◆ Problem details ◆
Using the records below, repeat exactly the lines from the one holding "Перчатки женская зимняя" through the one holding "Erdbeer-Rhabarber-Limonade wir in", both ends included, and no others.

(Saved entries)
════

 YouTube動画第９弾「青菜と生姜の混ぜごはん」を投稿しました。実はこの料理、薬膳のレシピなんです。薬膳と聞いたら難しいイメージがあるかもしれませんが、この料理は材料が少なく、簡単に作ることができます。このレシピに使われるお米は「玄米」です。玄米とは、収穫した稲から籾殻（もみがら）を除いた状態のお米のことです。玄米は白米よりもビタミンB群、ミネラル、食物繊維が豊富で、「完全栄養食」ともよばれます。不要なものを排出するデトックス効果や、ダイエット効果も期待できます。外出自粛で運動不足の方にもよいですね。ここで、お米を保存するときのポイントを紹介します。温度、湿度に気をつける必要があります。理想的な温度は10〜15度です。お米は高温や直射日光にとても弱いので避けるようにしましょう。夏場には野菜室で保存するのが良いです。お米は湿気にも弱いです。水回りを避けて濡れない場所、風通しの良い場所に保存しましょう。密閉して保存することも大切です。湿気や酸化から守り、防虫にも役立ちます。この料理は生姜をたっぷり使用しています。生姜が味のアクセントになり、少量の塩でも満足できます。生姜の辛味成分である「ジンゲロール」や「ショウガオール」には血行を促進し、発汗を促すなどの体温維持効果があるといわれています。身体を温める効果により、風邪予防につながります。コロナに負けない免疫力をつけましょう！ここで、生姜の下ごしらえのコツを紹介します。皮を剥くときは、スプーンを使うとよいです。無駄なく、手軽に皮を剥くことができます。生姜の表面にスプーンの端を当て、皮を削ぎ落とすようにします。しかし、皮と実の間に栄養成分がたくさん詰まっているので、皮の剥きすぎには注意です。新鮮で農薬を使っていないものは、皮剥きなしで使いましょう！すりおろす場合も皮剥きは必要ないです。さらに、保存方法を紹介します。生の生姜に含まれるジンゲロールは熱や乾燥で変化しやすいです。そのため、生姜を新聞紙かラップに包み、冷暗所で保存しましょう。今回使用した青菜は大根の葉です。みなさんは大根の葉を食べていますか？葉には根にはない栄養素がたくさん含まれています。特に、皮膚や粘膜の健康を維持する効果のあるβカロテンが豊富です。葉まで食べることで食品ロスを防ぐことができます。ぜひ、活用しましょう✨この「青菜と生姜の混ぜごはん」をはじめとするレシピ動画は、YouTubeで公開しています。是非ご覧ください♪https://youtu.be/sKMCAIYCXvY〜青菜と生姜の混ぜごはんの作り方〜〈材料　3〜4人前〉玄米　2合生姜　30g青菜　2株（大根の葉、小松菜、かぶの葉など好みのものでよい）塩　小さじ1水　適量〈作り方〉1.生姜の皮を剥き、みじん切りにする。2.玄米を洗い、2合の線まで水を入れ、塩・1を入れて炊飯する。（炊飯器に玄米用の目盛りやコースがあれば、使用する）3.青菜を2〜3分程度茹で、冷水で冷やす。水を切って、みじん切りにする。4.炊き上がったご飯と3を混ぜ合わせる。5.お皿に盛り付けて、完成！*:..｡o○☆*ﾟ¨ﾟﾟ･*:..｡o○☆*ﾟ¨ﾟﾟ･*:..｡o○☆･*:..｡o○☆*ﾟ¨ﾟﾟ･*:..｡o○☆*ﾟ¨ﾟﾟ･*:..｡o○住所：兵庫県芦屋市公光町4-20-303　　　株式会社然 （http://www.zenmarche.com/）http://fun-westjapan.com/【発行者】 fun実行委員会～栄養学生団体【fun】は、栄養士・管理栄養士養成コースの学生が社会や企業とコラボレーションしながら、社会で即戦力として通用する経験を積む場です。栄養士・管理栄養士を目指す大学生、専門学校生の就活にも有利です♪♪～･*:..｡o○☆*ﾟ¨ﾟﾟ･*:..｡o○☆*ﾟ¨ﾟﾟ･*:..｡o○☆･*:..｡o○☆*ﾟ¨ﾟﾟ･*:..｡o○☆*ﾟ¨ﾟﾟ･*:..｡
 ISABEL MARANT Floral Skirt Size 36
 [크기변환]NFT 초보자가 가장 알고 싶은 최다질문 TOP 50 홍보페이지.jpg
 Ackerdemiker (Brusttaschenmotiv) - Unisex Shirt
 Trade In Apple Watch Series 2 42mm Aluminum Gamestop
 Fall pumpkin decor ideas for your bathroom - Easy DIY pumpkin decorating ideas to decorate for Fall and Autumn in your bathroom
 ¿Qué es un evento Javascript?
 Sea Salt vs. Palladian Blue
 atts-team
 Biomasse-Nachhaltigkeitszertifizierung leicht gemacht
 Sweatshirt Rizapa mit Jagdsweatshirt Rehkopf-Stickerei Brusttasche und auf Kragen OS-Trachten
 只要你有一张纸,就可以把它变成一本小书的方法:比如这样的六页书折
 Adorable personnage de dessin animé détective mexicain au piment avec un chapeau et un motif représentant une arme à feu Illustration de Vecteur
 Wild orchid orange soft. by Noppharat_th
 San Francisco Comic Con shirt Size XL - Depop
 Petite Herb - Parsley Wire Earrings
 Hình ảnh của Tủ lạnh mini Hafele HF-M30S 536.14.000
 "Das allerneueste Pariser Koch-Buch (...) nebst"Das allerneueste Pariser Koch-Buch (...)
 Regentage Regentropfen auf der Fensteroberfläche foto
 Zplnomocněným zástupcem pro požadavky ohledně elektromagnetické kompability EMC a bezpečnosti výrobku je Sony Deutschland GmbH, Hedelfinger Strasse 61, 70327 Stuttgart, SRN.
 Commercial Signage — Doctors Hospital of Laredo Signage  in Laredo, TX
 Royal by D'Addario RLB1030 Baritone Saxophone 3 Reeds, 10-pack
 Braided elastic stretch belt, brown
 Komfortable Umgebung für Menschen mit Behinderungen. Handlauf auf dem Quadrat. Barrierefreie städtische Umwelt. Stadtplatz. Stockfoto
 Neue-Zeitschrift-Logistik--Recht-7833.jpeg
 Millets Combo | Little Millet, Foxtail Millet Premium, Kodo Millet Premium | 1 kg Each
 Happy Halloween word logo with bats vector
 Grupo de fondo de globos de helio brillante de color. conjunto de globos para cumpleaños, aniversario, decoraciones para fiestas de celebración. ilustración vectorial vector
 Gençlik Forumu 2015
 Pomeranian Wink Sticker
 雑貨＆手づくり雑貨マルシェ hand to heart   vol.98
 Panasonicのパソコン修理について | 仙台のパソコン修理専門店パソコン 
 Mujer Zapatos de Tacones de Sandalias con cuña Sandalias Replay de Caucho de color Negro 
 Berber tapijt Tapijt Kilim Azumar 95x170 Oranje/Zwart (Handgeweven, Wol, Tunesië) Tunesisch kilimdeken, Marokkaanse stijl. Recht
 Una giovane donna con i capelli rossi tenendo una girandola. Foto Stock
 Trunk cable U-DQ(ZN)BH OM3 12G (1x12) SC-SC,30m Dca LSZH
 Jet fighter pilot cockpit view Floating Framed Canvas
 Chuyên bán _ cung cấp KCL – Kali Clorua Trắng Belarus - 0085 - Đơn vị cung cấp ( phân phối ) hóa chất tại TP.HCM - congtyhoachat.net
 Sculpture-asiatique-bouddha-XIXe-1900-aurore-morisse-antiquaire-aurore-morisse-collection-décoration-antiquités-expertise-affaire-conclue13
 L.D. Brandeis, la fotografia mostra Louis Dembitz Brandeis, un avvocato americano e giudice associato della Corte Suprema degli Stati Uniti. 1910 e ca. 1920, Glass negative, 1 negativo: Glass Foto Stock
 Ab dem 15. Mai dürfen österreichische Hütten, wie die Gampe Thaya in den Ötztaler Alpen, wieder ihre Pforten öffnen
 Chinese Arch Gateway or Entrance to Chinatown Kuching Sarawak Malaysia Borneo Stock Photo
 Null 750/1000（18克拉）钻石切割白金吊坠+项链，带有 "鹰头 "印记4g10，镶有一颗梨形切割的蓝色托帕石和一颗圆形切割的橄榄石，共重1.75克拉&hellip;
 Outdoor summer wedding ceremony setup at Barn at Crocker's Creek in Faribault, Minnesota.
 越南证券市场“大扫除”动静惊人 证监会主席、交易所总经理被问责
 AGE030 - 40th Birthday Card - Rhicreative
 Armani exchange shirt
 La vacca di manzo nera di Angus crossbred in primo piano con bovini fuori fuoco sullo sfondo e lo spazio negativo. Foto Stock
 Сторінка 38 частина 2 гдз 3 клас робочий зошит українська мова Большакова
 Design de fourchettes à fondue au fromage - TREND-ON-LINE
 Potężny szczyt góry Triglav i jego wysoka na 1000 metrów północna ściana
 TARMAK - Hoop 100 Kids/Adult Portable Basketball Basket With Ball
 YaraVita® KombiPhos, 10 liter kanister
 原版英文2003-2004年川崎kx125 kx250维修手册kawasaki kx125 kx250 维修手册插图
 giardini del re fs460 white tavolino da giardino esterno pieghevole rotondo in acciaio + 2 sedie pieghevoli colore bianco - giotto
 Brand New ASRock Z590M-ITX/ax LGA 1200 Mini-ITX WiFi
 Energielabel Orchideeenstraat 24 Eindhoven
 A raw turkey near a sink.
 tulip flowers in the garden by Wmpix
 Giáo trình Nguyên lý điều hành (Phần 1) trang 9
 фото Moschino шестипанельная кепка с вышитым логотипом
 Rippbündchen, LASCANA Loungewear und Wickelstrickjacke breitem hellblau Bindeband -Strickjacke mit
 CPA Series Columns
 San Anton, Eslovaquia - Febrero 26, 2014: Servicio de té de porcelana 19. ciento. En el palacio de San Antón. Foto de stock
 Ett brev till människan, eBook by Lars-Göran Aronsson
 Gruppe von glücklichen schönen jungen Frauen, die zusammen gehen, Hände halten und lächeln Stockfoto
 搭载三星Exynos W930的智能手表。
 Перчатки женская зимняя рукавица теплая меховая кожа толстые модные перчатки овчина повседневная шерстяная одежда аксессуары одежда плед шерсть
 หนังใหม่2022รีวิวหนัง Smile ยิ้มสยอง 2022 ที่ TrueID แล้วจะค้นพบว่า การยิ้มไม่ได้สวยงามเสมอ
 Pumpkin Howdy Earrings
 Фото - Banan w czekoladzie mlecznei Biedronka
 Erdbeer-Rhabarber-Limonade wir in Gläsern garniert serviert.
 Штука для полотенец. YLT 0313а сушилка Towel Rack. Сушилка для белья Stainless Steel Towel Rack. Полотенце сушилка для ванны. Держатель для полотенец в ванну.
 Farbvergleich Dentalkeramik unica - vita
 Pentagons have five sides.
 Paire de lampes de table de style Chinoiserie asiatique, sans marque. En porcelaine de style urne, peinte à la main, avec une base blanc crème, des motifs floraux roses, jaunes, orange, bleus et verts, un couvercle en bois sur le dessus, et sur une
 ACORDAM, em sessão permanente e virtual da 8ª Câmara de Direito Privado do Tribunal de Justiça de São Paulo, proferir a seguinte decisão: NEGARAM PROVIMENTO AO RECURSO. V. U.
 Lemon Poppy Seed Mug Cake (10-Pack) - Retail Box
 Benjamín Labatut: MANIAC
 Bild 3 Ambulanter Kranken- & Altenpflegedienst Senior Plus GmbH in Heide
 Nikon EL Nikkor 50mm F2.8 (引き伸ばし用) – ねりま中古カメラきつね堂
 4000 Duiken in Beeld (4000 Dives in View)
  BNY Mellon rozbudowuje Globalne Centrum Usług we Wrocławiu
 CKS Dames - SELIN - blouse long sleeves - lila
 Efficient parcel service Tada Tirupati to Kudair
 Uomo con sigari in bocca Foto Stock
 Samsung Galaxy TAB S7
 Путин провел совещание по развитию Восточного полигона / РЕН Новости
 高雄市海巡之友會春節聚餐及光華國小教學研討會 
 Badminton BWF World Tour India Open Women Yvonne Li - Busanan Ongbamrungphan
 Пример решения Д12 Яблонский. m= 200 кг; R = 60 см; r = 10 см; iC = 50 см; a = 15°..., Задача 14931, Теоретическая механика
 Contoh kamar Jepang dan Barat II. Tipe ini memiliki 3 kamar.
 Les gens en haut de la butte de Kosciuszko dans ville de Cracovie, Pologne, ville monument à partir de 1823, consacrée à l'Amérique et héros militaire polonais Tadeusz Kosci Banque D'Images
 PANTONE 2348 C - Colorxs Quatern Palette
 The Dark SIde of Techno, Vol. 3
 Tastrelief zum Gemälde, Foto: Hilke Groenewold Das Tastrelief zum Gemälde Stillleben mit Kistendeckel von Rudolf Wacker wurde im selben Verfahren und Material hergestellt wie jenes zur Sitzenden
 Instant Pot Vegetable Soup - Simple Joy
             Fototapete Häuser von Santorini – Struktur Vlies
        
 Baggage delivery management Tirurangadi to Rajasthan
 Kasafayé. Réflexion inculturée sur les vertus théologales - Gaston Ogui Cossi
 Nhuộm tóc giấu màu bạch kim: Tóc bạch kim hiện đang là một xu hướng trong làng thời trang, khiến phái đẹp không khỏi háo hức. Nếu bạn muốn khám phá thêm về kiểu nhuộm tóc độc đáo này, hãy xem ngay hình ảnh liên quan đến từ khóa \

════

◆ The answer ◆
 Перчатки женская зимняя рукавица теплая меховая кожа толстые модные перчатки овчина повседневная шерстяная одежда аксессуары одежда плед шерсть
 หนังใหม่2022รีวิวหนัง Smile ยิ้มสยอง 2022 ที่ TrueID แล้วจะค้นพบว่า การยิ้มไม่ได้สวยงามเสมอ
 Pumpkin Howdy Earrings
 Фото - Banan w czekoladzie mlecznei Biedronka
 Erdbeer-Rhabarber-Limonade wir in Gläsern garniert serviert.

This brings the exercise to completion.